Images in the fourcc: "MJPG" format are compressed. You can try higher resolutions, and you may also attempt the YUYV format. However, the latter will reduce the image resolution and FPS, leading to lag in the robotic arm's operation. Currently, under the MJPG format, it can support 3 cameras at a resolution of 1920*1080 while maintaining 30FPS. However, connecting 2 cameras to a computer via the same USB HUB is still not recommended.

If you have more cameras, you can change the --robot.cameras parameter to add them. You should note the format of the index_or_path, which is determined by the last digit of the camera ID output by python -m lerobot.find_cameras opencv.

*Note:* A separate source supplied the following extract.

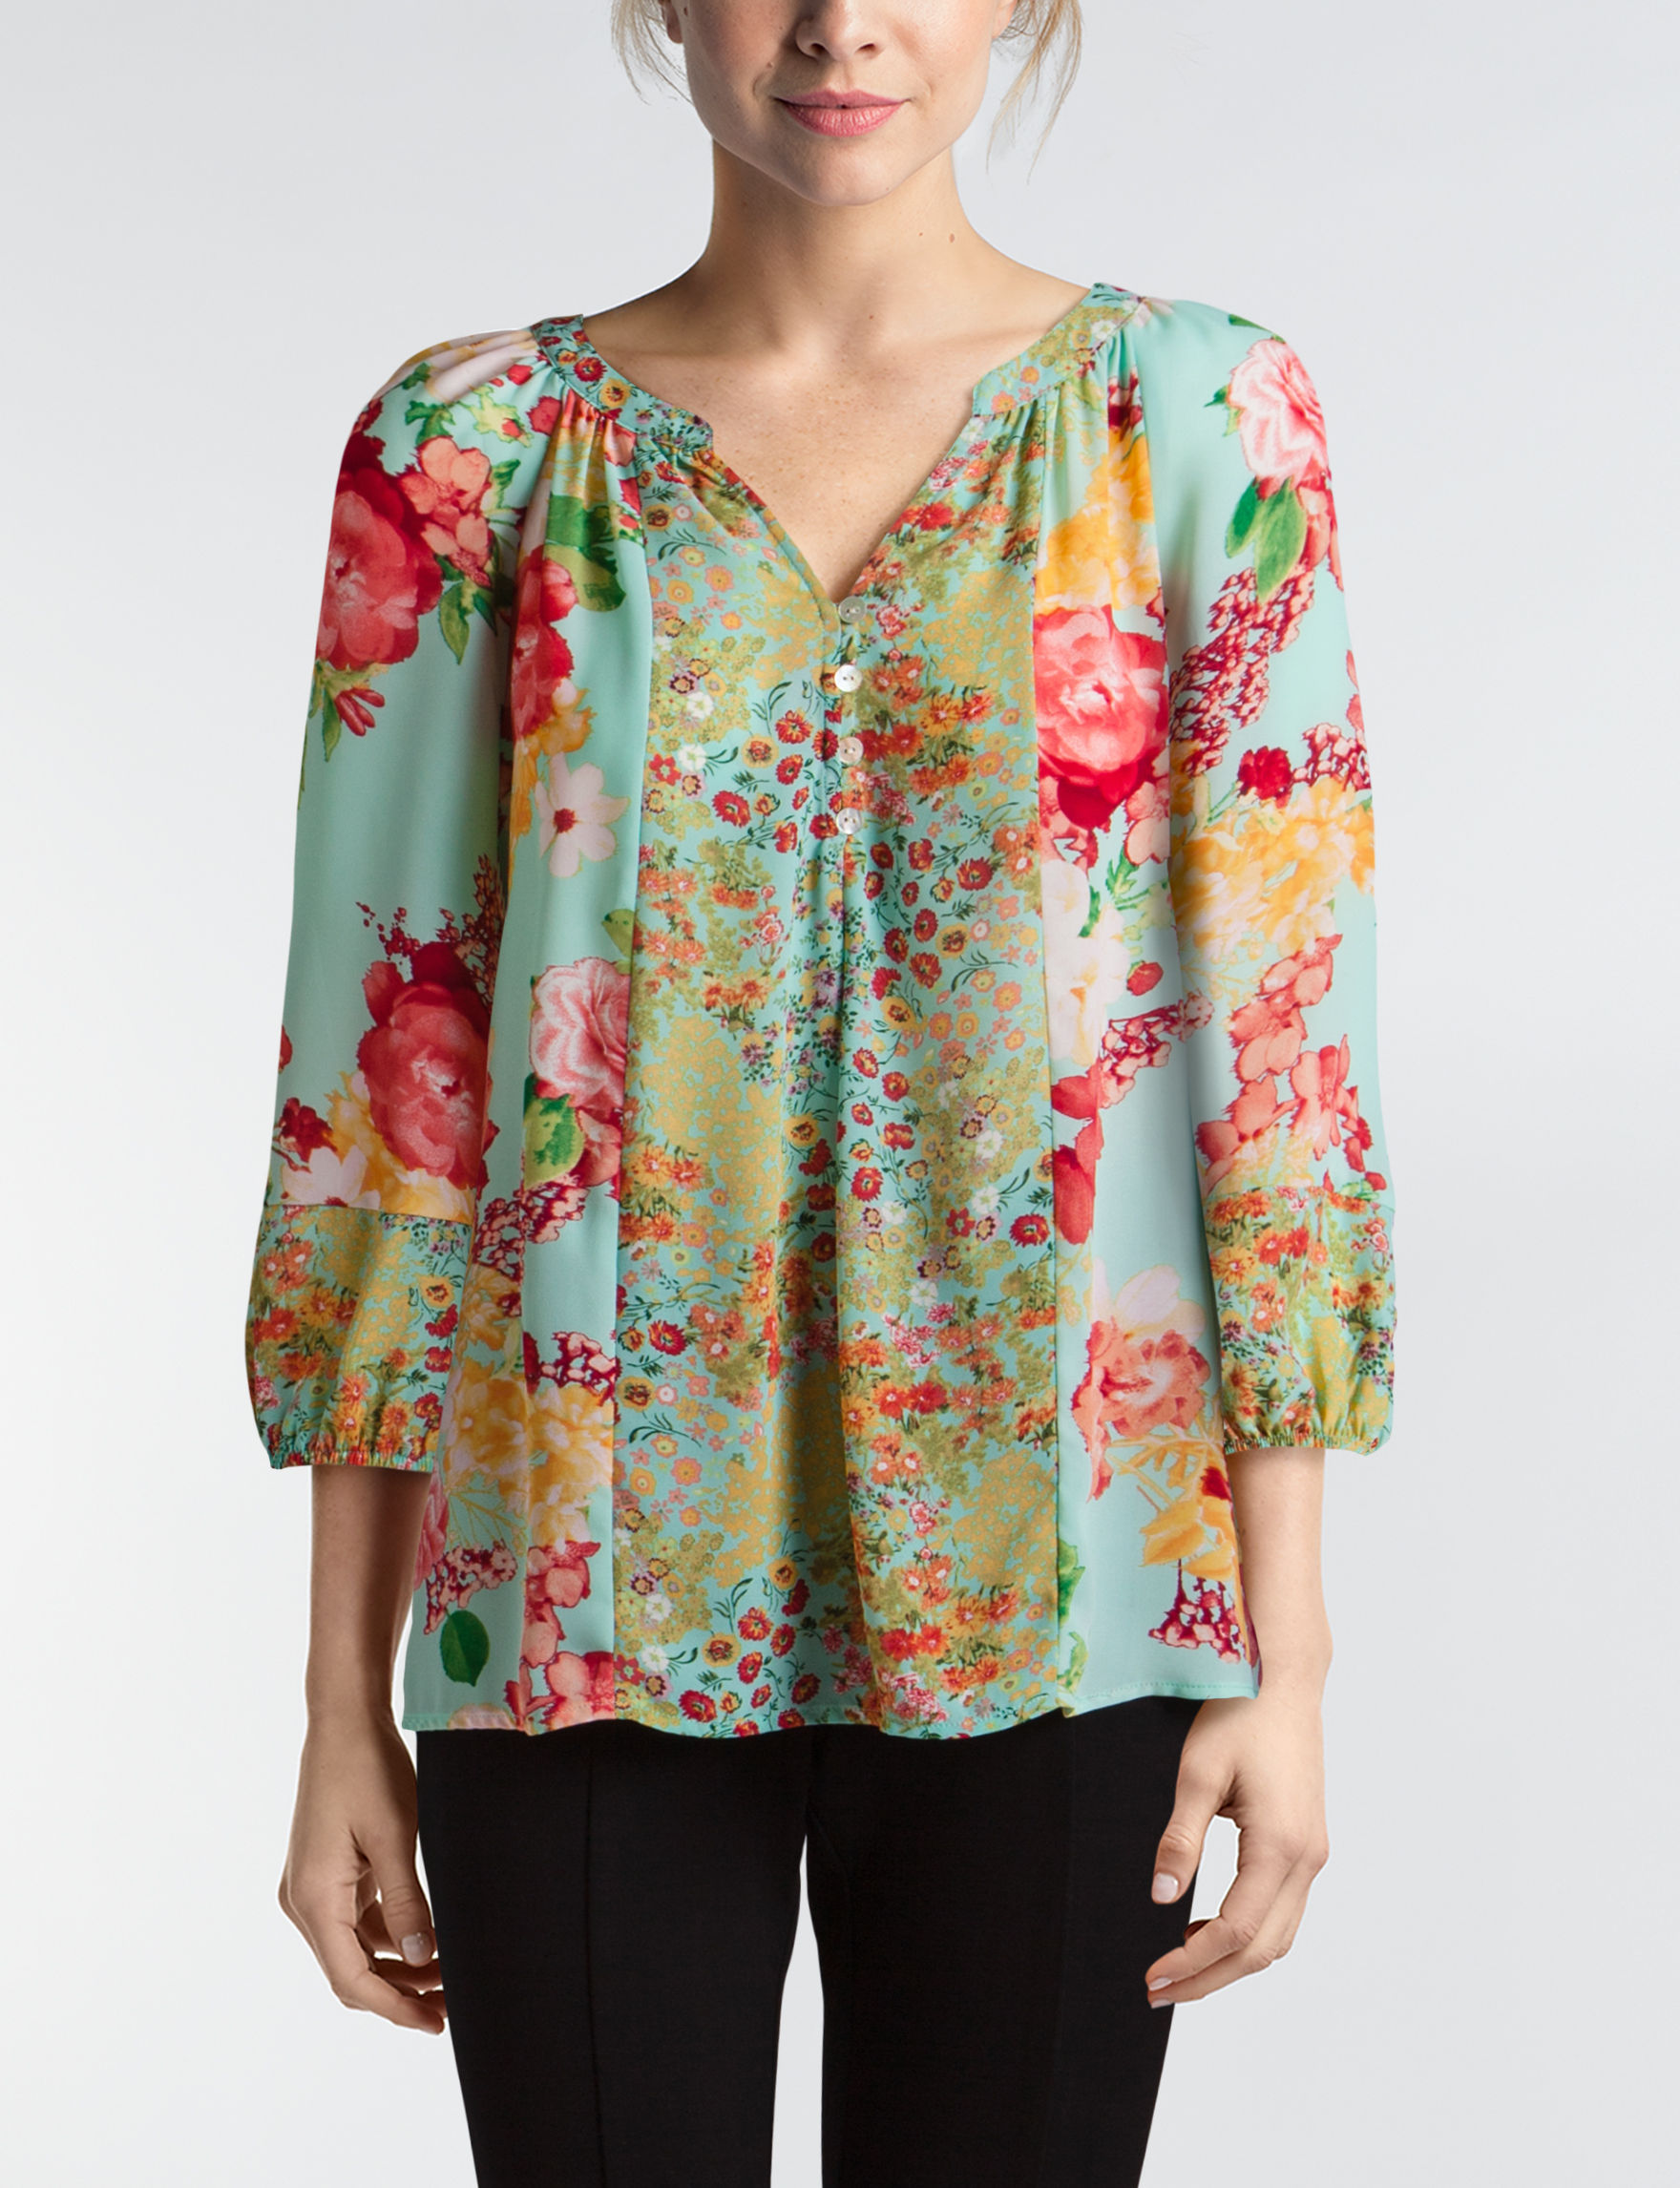 Valerie Stevens Seafoam Pull-overs Shirts & Blouses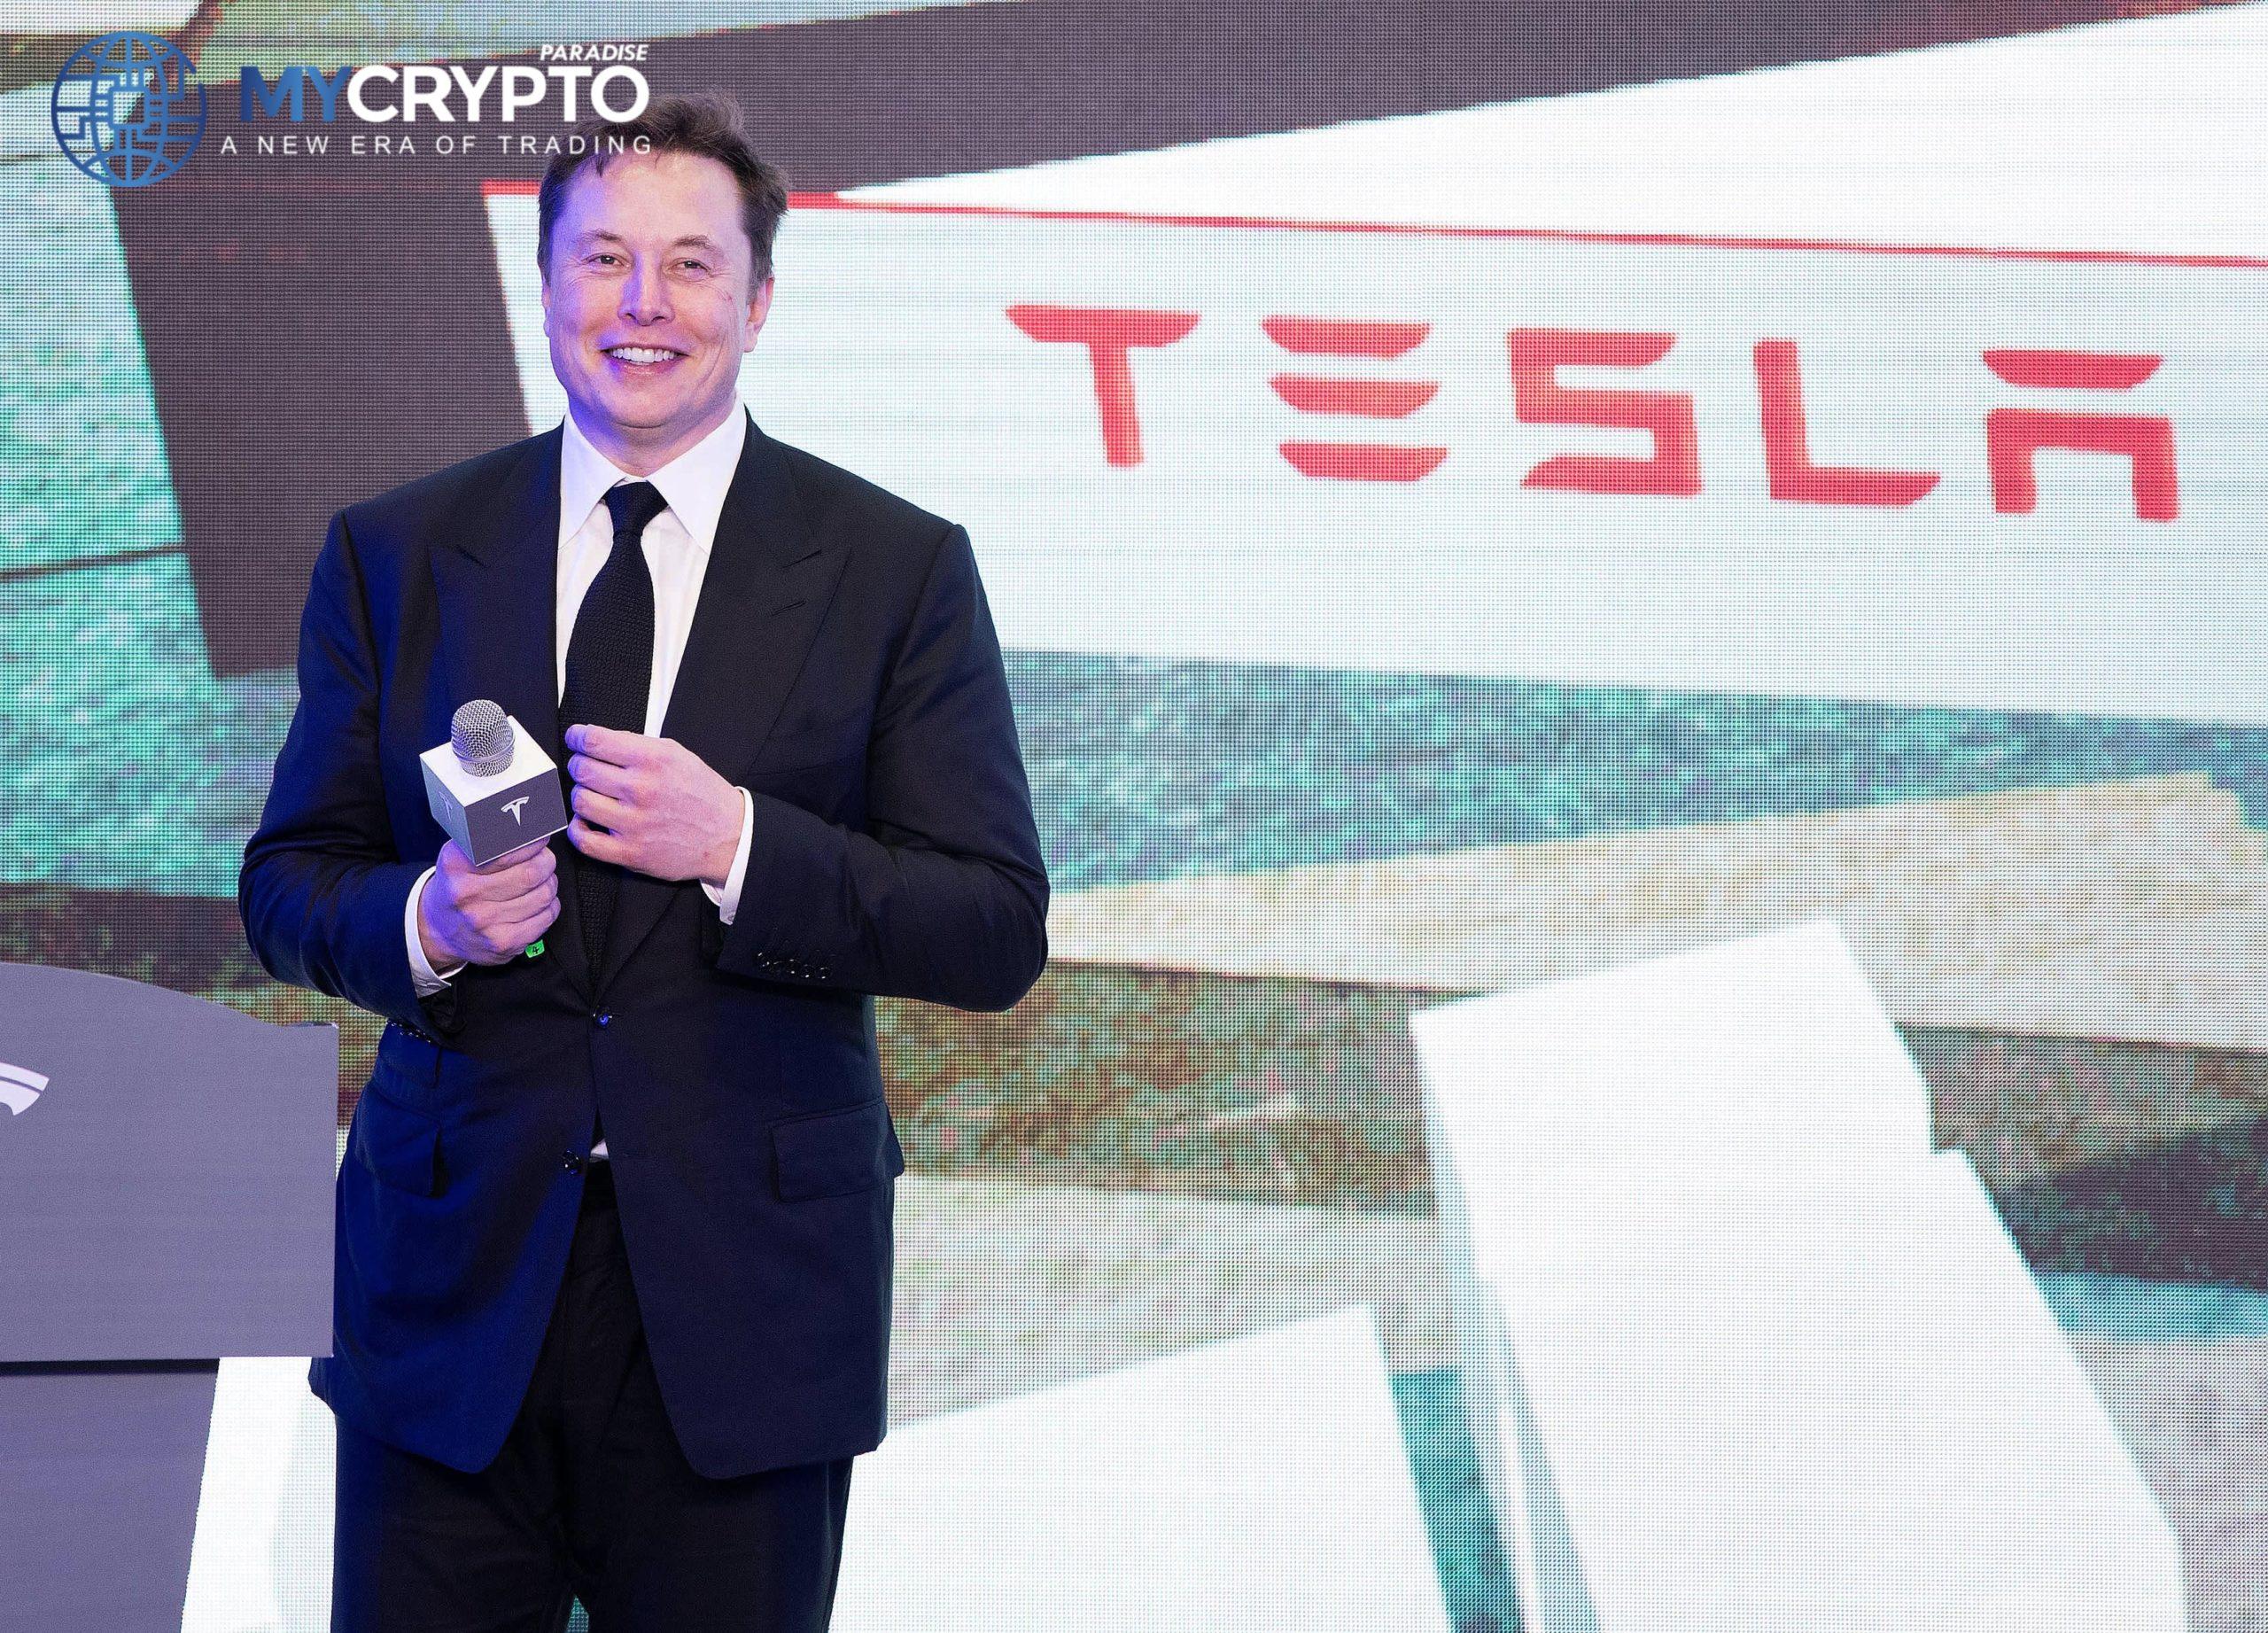 CEO Elon Musk

For example, if you want to add a camera:

lerobot-teleoperate \
    --robot.type=seeed_b601_rs_follower \
    --robot.port=can0 \
    --robot.id=follower1 \
    --robot.can_adapter=socketcan \
    --robot.cameras="{ front: {type: opencv, index_or_path: 0, width: 640, height: 480, fps: 30, fourcc: "MJPG"}, side: {type: opencv, index_or_path: 2, width: 640, height: 480, fps: 30, fourcc: "MJPG"}}" \
    --teleop.type=rebot_arm_102_leader \
    --teleop.port=/dev/ttyUSB0 \
    --teleop.id=rebot_arm_102_leader \
    --display_data=true

Dataset Collection

If you want to save the dataset locally

lerobot-record \
    --robot.type=seeed_b601_rs_follower \
    --robot.port=can0 \
    --robot.id=follower1 \
    --robot.can_adapter=socketcan \
    --robot.cameras="{ front: {type: opencv, index_or_path: 0, width: 640, height: 480, fps: 30, fourcc: "MJPG"}, side: {type: opencv, index_or_path: 2, width: 640, height: 480, fps: 30, fourcc: "MJPG"}}" \
    --teleop.type=rebot_arm_102_leader \
    --teleop.port=/dev/ttyUSB0 \
    --teleop.id=rebot_arm_102_leader \
    --display_data=true \
    --dataset.repo_id=seeed_rebot_b601_rs/test \
    --dataset.num_episodes=5 \
    --dataset.single_task="Grab the black cube" \
    --dataset.push_to_hub=false \
    --dataset.episode_time_s=30 \
    --dataset.reset_time_s=30

Among them, repo_id can be modified customarily, and push_to_hub=false. Finally, the dataset will be saved in the ~/.cache/huggingface/lerobot directory in the home folder, where the aforementioned seeed_rebot_b601_rs/test folder will be created.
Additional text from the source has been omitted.